Getting Started
For added security with your database server, you can connect using an SSH tunnel. To use this option, you need an SSH tunnel server that has access to your database port. You’ll need to create an SSH user for Savant and the tunnel server's SSH port needs to be accessible to Savant’s IPs.
You can check that your database is accessible from the proxy machine by trying to connect to the host:port from the proxy machine. Here is an example using netcat on the proxy machine:
nc -w 10 -t -v <server> <port>
You also need to open port 22 of the proxy machine to Savant's IP. The Savant gateway IPs are listed below for each geo.
Worldwide App (non-EU):
35.188.163.165
35.188.99.19
3.20.192.126
3.136.174.242
3.21.111.255
EU App:
34.22.229.169
34.79.28.74
34.251.112.30
54.220.36.32
63.32.243.56
SSH Tunnel Setup
These steps take you through basic database connection setup. You will need to complete setup by choosing one of three SSH tunnel connection methods.
Create SSH User
On your SSH tunnel server, do the following to create an SSH user for Savant:
Create group:
sudo groupadd savant |
Create user:
sudo useradd -m -g savant savant |
Switch to the Savant user:
sudo su - savant |
Create .ssh directory:
mkdir ~/.ssh |
Set permissions for the .ssh directory:
chmod 700 ~/.ssh |
Switch to the .ssh directory:
cd ~/.ssh |
Create an authorized key file:
touch authorized_keys |
Set permissions for the authorized key file:
chmod 600 authorized_keys |
Verify SSH Tunnel
On your SSH tunnel server, you can use putty or the ssh command line to verify that the savant user can ssh into the tunneling server. If an error message is returned, then there is a configuration issue with your SSH tunnel server.
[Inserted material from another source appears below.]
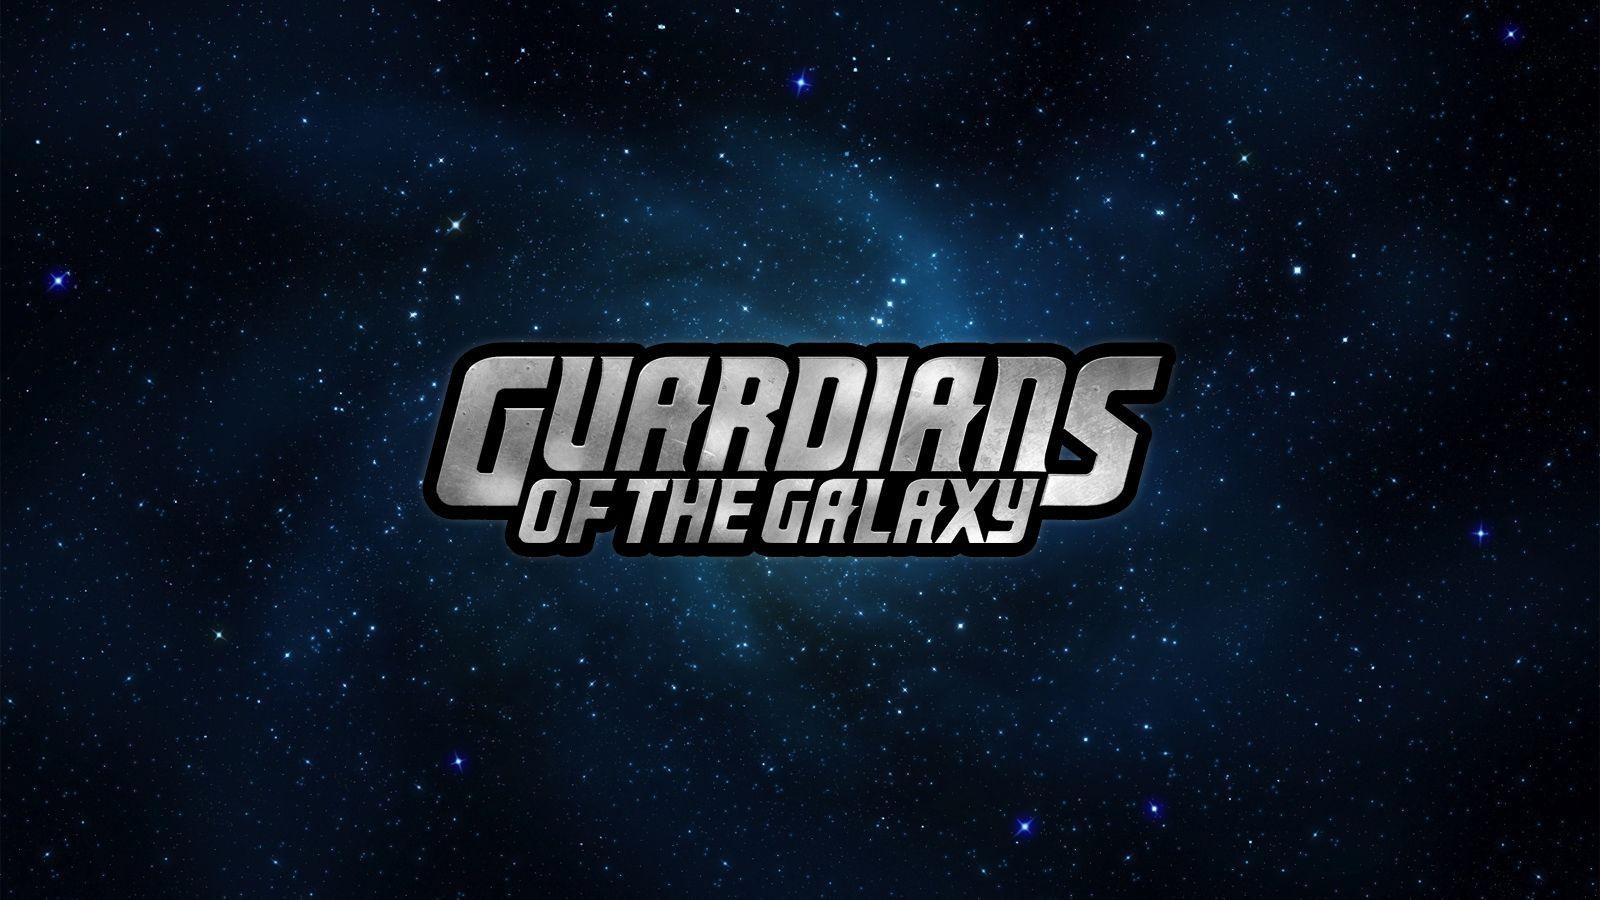 Guardians Of The Galaxy Logo Galaxy Wallpaper Guardians Of The Galaxy Galaxy

Verify access to the shell and home directory:
ssh savant@{ssh_tunnel_server} |
Create a reverse tunnel:
ssh -R 8080:localhost:11111 user@{ssh_tunnel_server} |
Test the reverse tunnel:
nc -v 127.0.0.1 8080 |
Configure Savant
In your Savant workspace, do the following to connect to your SSH tunnel:
Go to the Systems page and click Add System
Select your data warehouse connector and click Next
Enter your Server for SSH
This is the host name or IP address of the SSH server
Enter the Port for SSH
This is generally 22
Enter the Username for SSH
This is the user created on the SSH server
Click Use SSL
Click SSH Tunnel
Complete one of the credentials methods
Click Authenticate and then Confirm
Authentication Option #1: Password
This method uses a username and password to connect Savant to your SSH tunnel.
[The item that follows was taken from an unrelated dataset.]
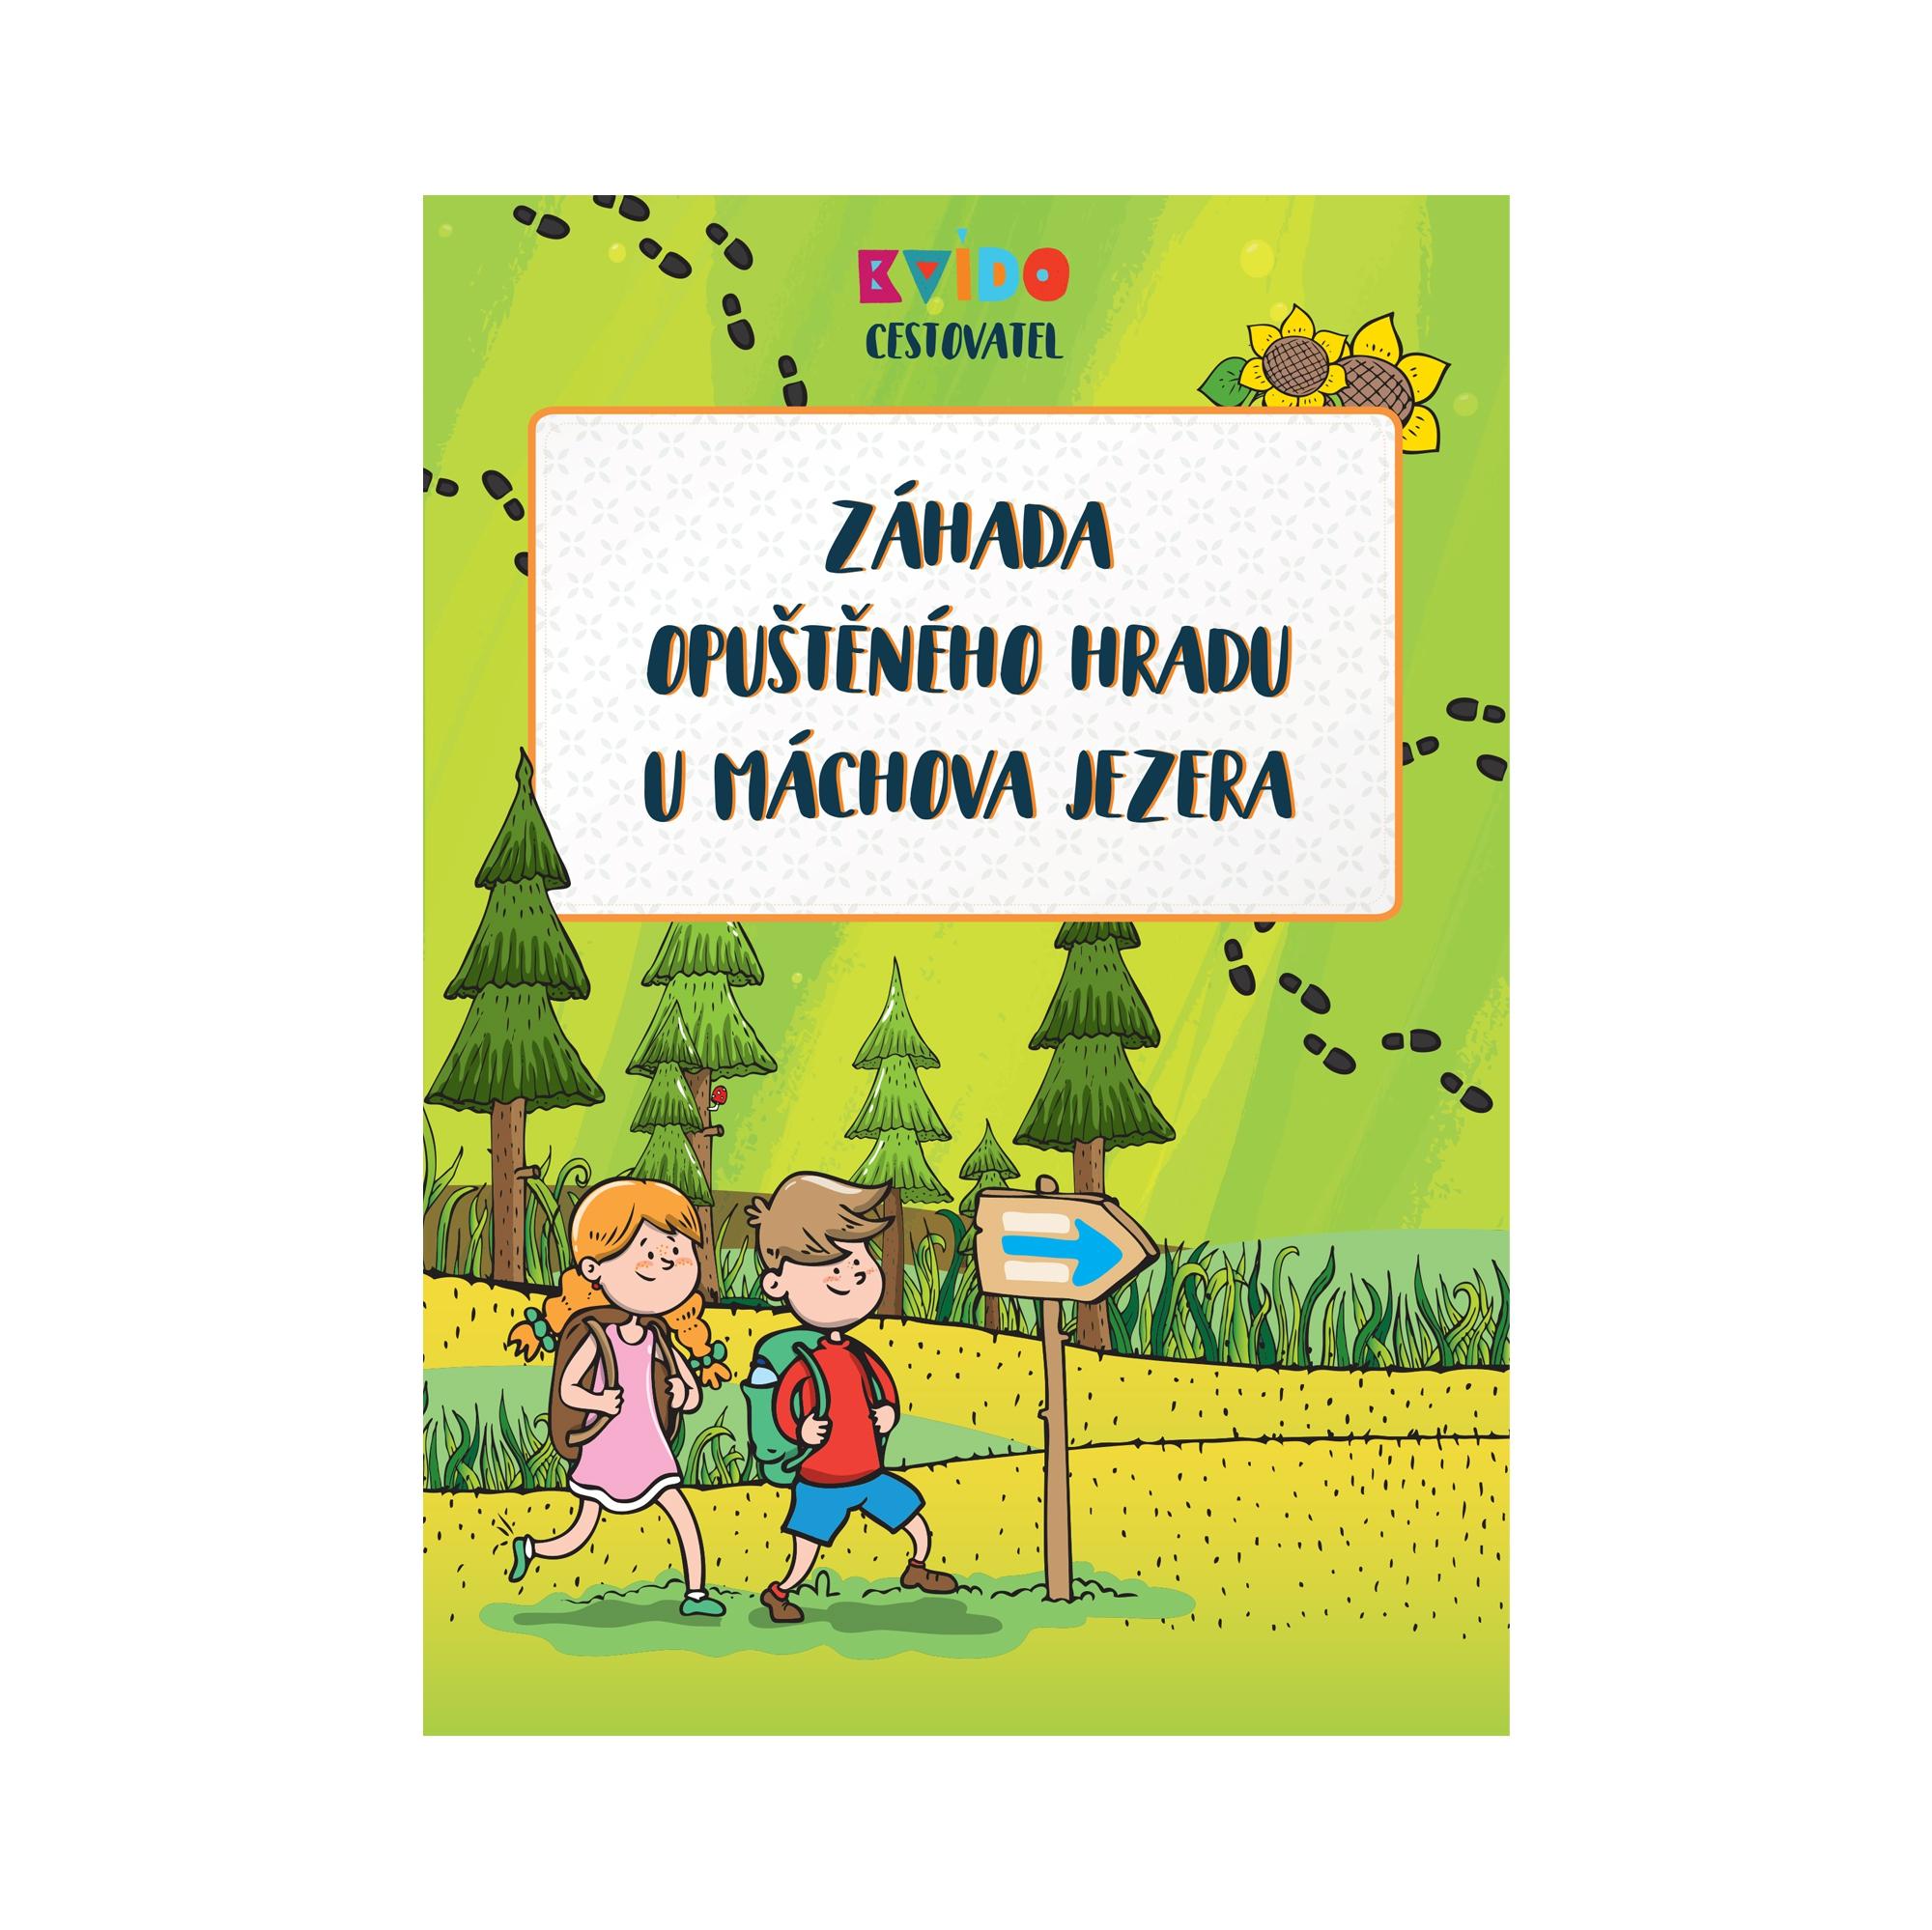 Záhada u Máchova jezera - Kvído

Select the Password option
Enter the password of the SSH tunnel user created for Savant
Passwords are encrypted before saving to Savant. The encryption key is not accessible by Savant employees and rotated regularly.
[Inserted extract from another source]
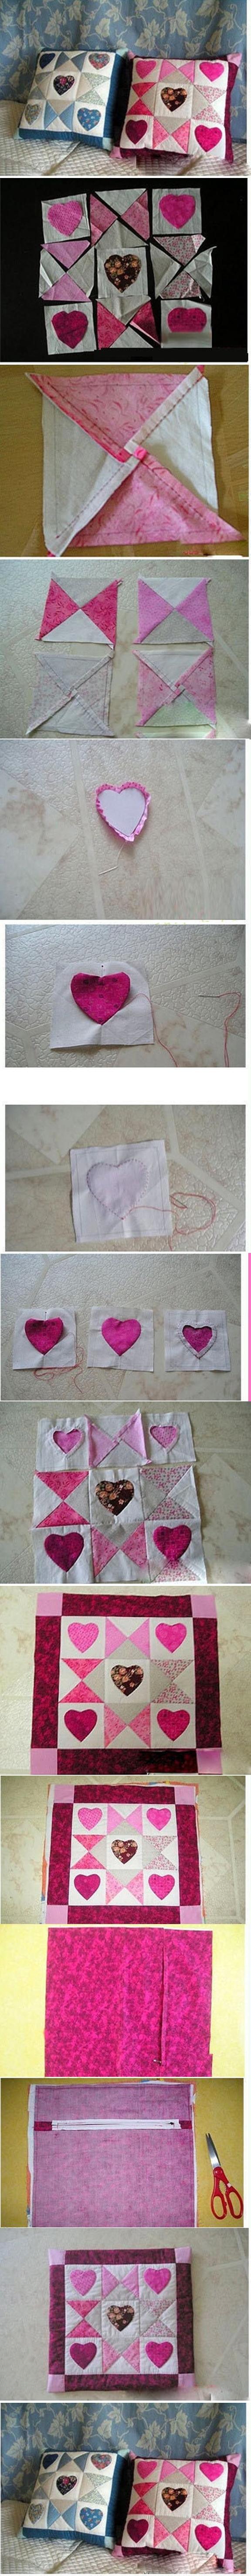 DIY Heart Checker Cushion

Authentication Option #2: Public Key
This method uses a public key from Savant to authenticate with the SSH tunnel server.
Select the Savant Public Key option
On the SSH tunnel server, go to the home directory for the Savant user
Open file $HOME/.ssh/authorized_keys
Create the text file if it does not exist
Paste the public key copied from Savant UI to the file as a new line
Authentication Option #3: Private Key
This method uses your own private key to authenticate Savant with the SSH tunnel server.
Select the Savant Private Key option
On the SSH tunnel server, use the ssh-keygen command to create a new key pair
A paraphrase is recommended, but not required
Write down the public and private keys
Go to the home directory for the Savant user
Open file $HOME/.ssh/authorized_keys
Create the text file if it does not exist
Paste the generated public key to the file as a new line
Paste the generated private key to Savant
Enter the passphrase, if any, used to generate the new key pair
Private keys are encrypted before saving to Savant. The encryption key is not accessible by Savant employees and rotated regularly.